20-龍太郎と麻耶ついに・・
龍太郎、気持ちを固めた途端に急に下半身の方も硬く力強くなった様だ。
何せ、目の前に絶世のヴィーナスが横たわっているのだから・・・
龍太郎は、麻耶を莫大な資財を投げ打って助けた。その気持ちの中は・・・
麻耶が自分の子供であるかも知れないから・・・か、それとも
麻耶に愛を感じてなのか・・・そこのところは、龍太郎自身にも上手く整理できていない。
むしろ、どちらでもいい! どうせ、今の龍太郎の財産は、もしもの時には寄付を考えていたのだから・・・
そう考えると、何の躊躇もなかったのだ。
ただ、彼、エドゥアルド・ロトキンには大きな借りが出来た。
麻耶の乱れようはかなりひどかった。
おそらく、人の死を目の前で直面すると、動物本能が異常に盛り上がる。
人間と言う生物は、無意識のうちに、目の前に1つの死があると、
それを補おうとする本能が働く。
ベットに静かに寝ていた麻耶は、龍太郎の服を全て、むしりとるように剥がした。
それに答えるように龍太郎も、暫くぶりの、それも、ピチピチの体と接して、
交わったのだから。
濃厚な1ラウンドを終えると2人はバスルームに向かった。
もう、恥じらいなんて、そんな言葉は2人にとって、不要。
お互いをあえて、石鹸でシャボンをつくり、お互いの体を隅々まで洗い合った。
麻耶は父親に洗われている気分と、恋人の龍太郎に洗われている気分で、
二度楽しい気分に。
そして、龍太郎はピチピチのギャルに体中を洗われて、人生が完全に20歳以上若返った気分だ。
そんな、2人のじゃれ合いは日が昇るまで続いた。
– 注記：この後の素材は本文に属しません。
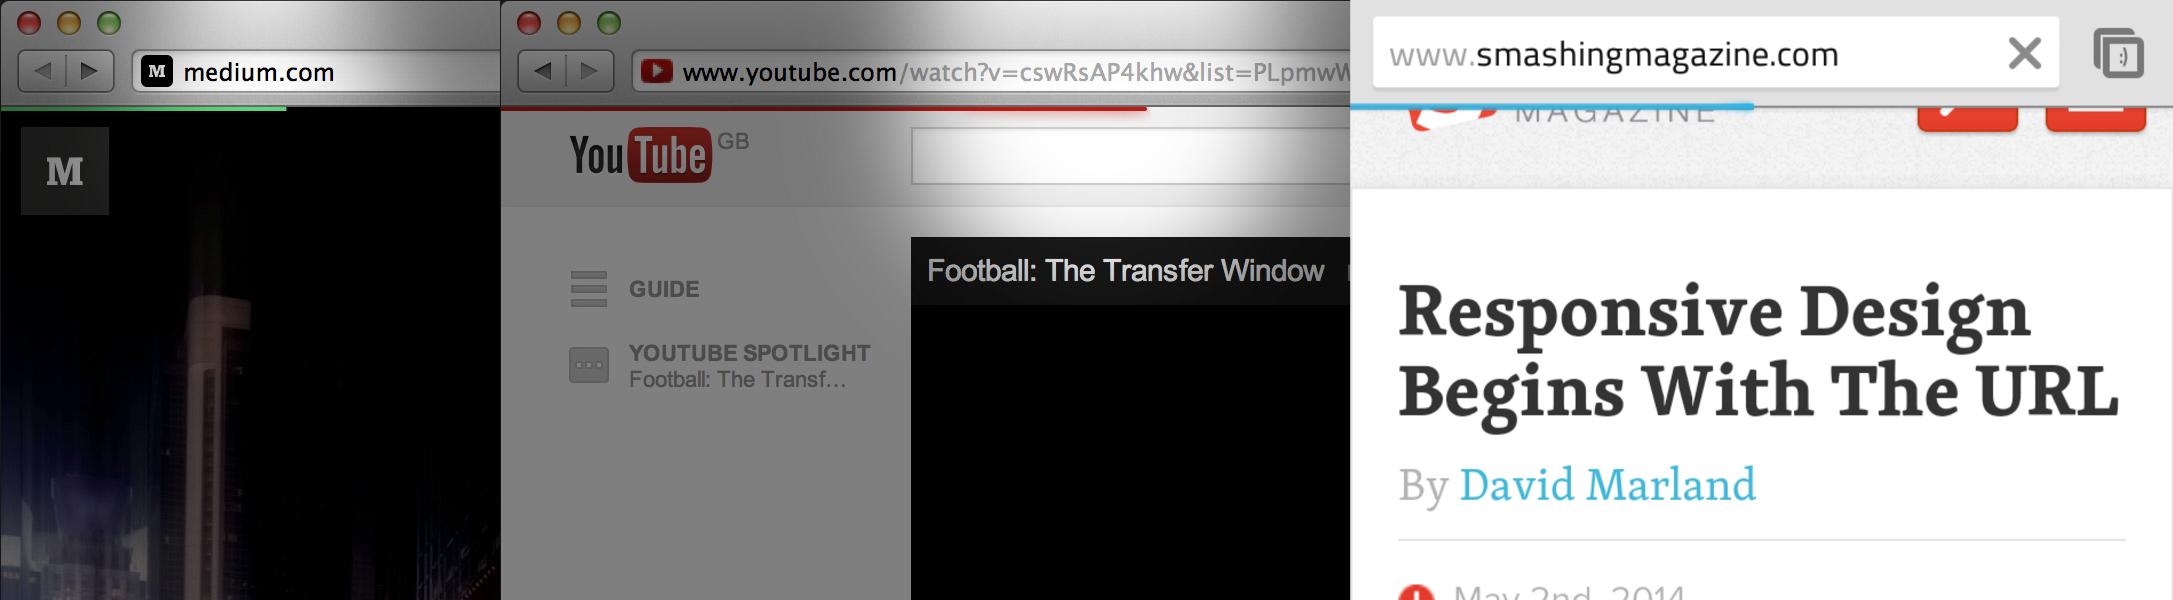 Website loading bars from Youtube, Medium and Chrome Mobile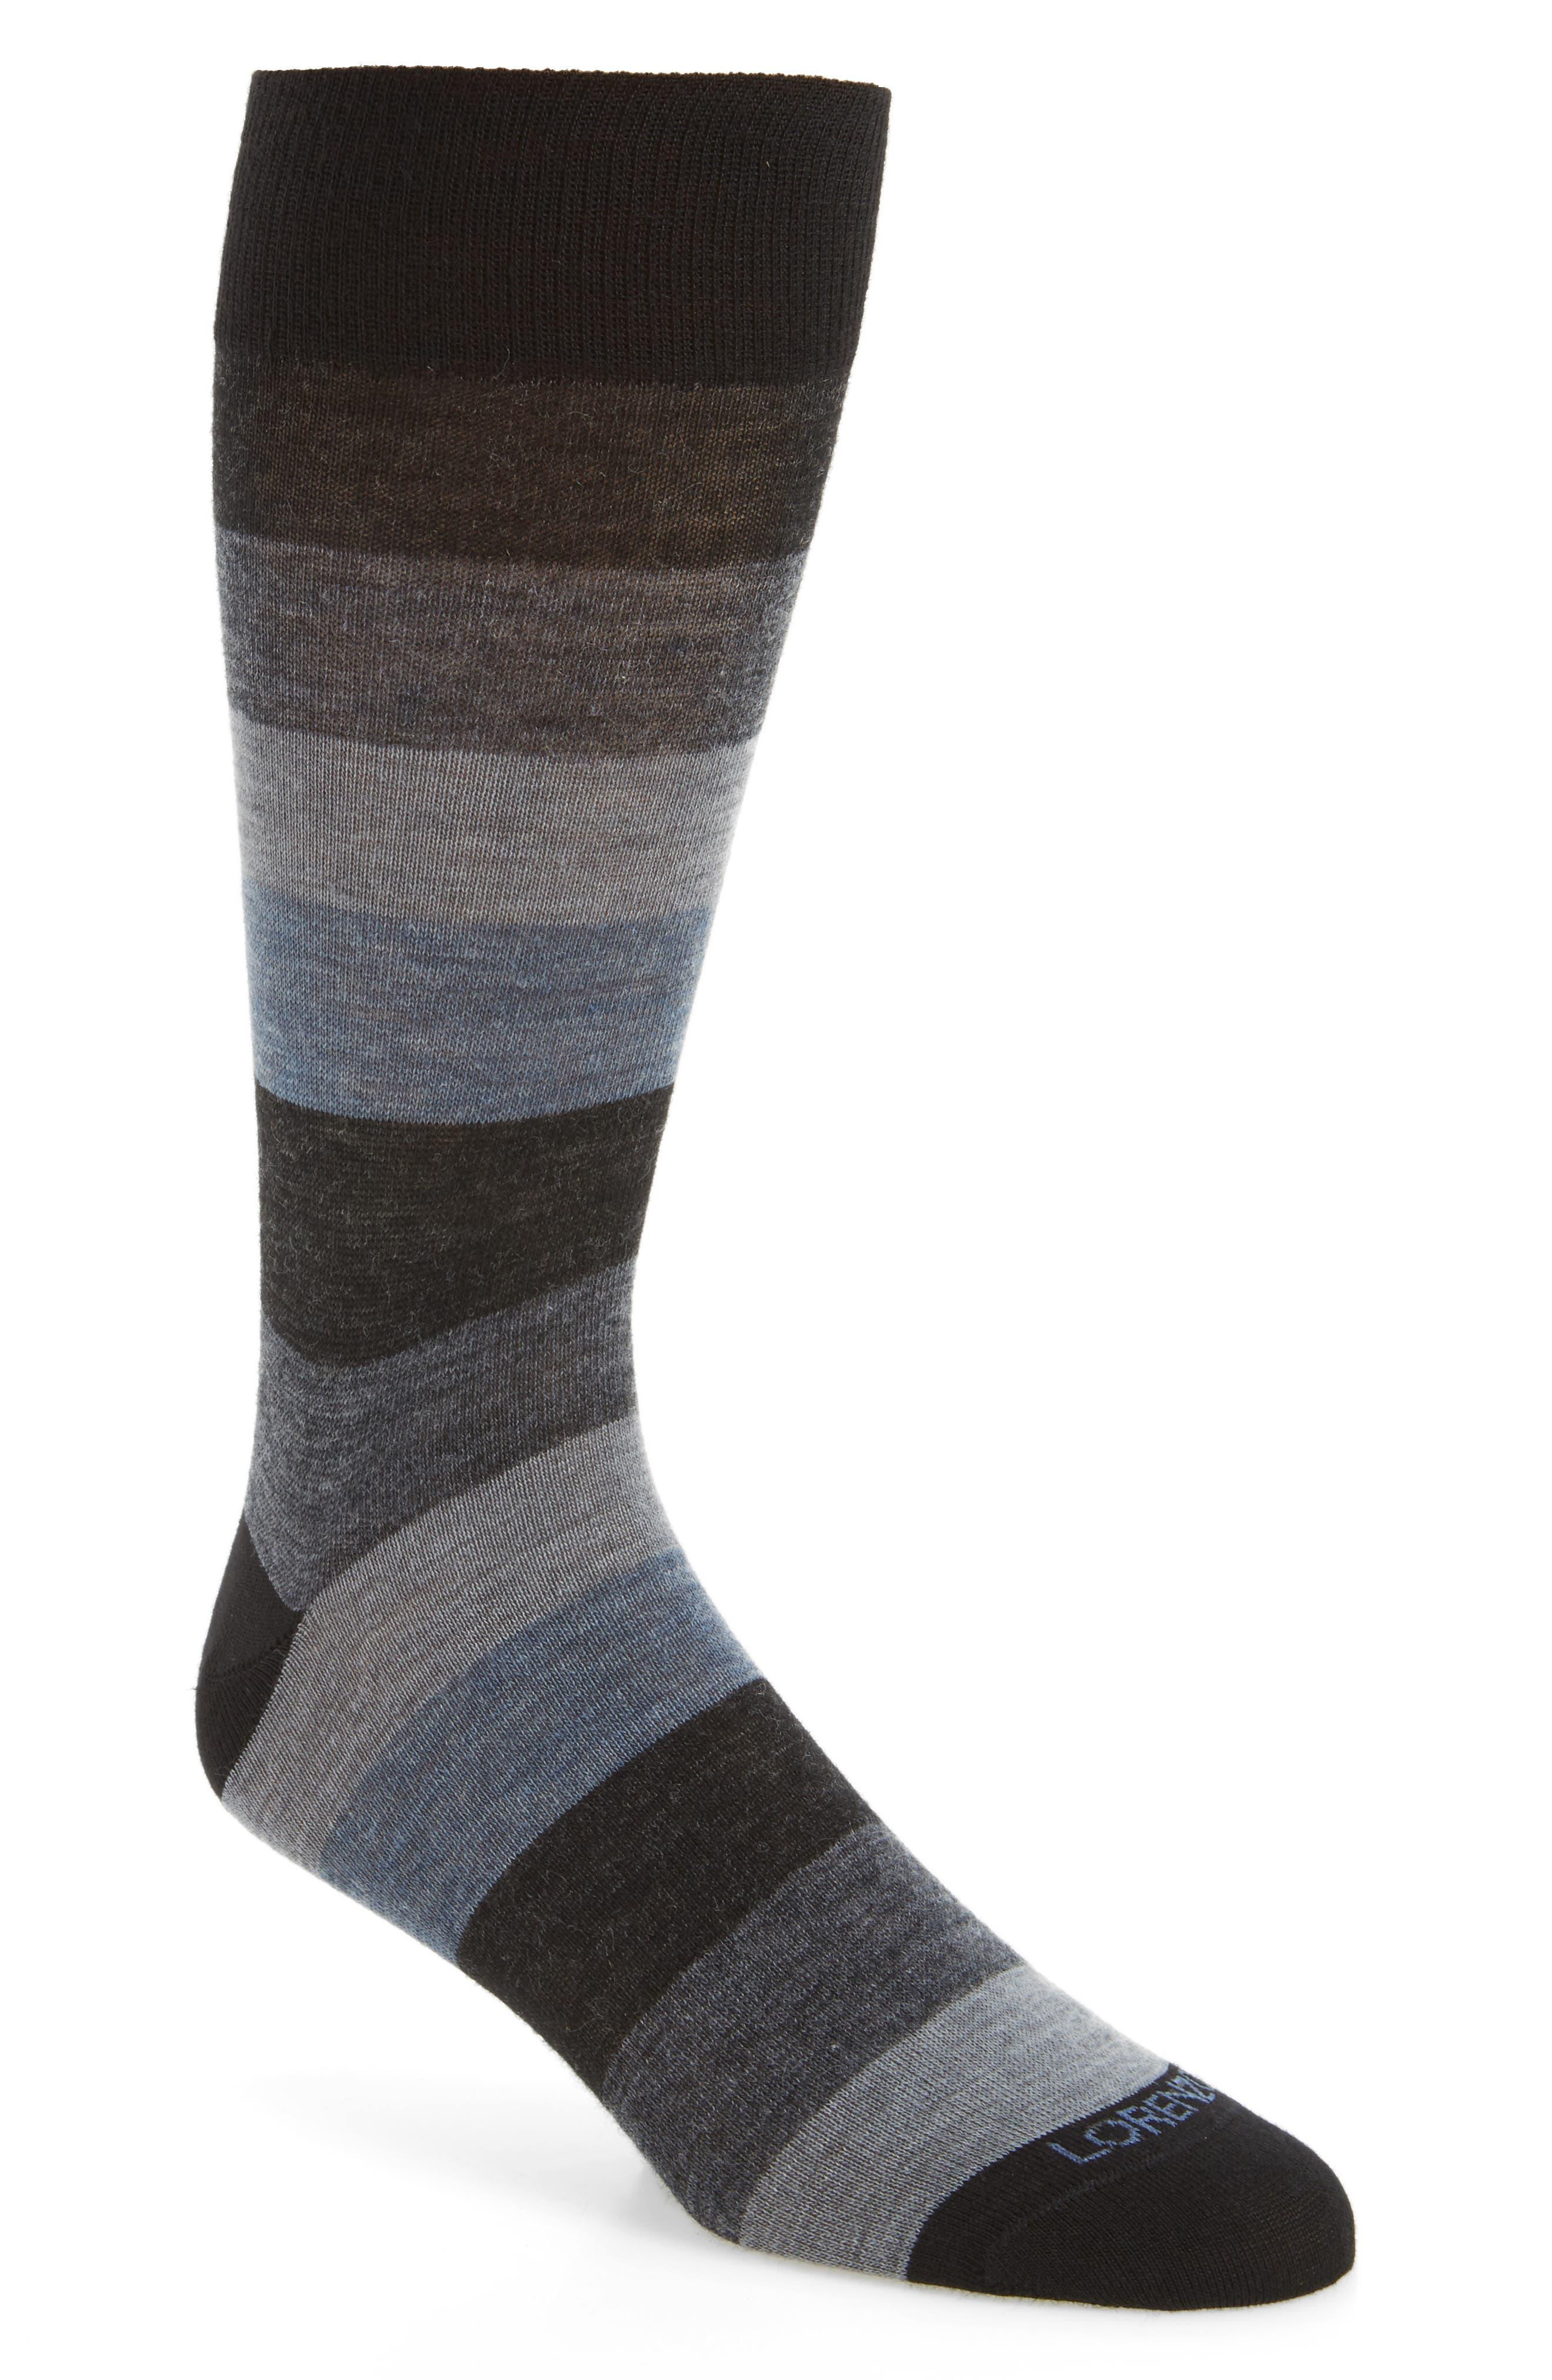 Alternate Image 1 Selected - Lorenzo Uomo Colorblock Socks (3 for $30)

時の経つのを忘れて・・・
龍太郎はロトキンに電話を掛けていた。
昨日の侘びを、きちんと。それと借りを十分に感じて。
そして、日を改めて会う事、それまでに麻耶をさらった相手の目星を着けて貰う事も。
さらに別の電話で、今回あえて龍太郎が、ロシアまで来なければならなかった、
最大の理由の相手に、アポイントをとった。
当然麻耶も秘書として同行する。
麻耶はやはり並みの根性の女ではなかった。
昨夜の乱れも、今は完全に龍太郎のパートナーとしての顔に、それに、あれ程の強烈な体験をしても動揺は見せない。
スマートな顔立ちで、本来の仕事に立ち向かおうとする姿勢が、ありありと伺える。
麻耶は、龍太郎の指示で携帯電話も4回線用意させた。あえて、理由は聞かない。
「麻耶君、用意は出来たか?」
「はい、大丈夫です!」
2人は昨夜の事は今完全に消し去り、ビジネスモードに変身していた。
既に、日本から予約してあった、車のキーをフロントから受け取った。
やはり車種はベンツだ。ホテルの駐車場に止めてあった車を龍太郎は、
ホテルの玄関まで運転して、麻耶を乗せ、目的地へ向かった。
政府の関係する会社で、龍太郎と麻耶が応接室に通され、
その会社のトップと硬い再会の握手と抱擁の後、
話し合いはおよそ1時間で無事に済み、契約は取り交わされた。
当然かなりの金額の交渉だ。
相手も、龍太郎にはそれなりの借りがあり、お互いを認め合って、
契約の締結が無事に済んだ。
麻耶は龍太郎の凄さを強烈に感じた瞬間でもあった。
当然麻耶はロシア語で話しているので内容は理解している。
すなわち、契約の内容も、そして、龍太郎の話術も・・・。
麻耶は、ただ書類を出したり、しまったりの完全な補助のみの仕事だ。
「龍太郎、本当に凄いいんですね!!」
ここは車の中・・・・、甘えが入り、呼び捨てに・・
「そうか、君との仕事は・・・始めてか??」
「もちろん、だって、龍太郎が仕事するの・・見た事・・・」
「なかったもん!!」
「そう言えば、そうだな・・・!」
「でも、麻耶最高にうれしい!!」
「どうして?」
「だって、一緒に仕事が出来て・・・」
「何だか、初めて仕事した気がしないな!!」
「はい、麻耶も・・・」
「麻耶君、昨日は随分無茶をしたな・・・」
「えぇ・・・!!」
しまった、と言った感じの龍太郎。やはり、彼女は強がっているし、平静を装っているが・・・・、当然だ・・・ まずい、話題を変えないと・・・・
「そう言えば、麻耶・・・腹減らないか・・・?」やっと出た龍太郎の言葉。
「はい、お腹ぺこぺこ・・・です!」
「美味しい、本場のロシア料理、食べに行こう!」
「わあぁ・・・うれしい」麻耶も元気良く答えた。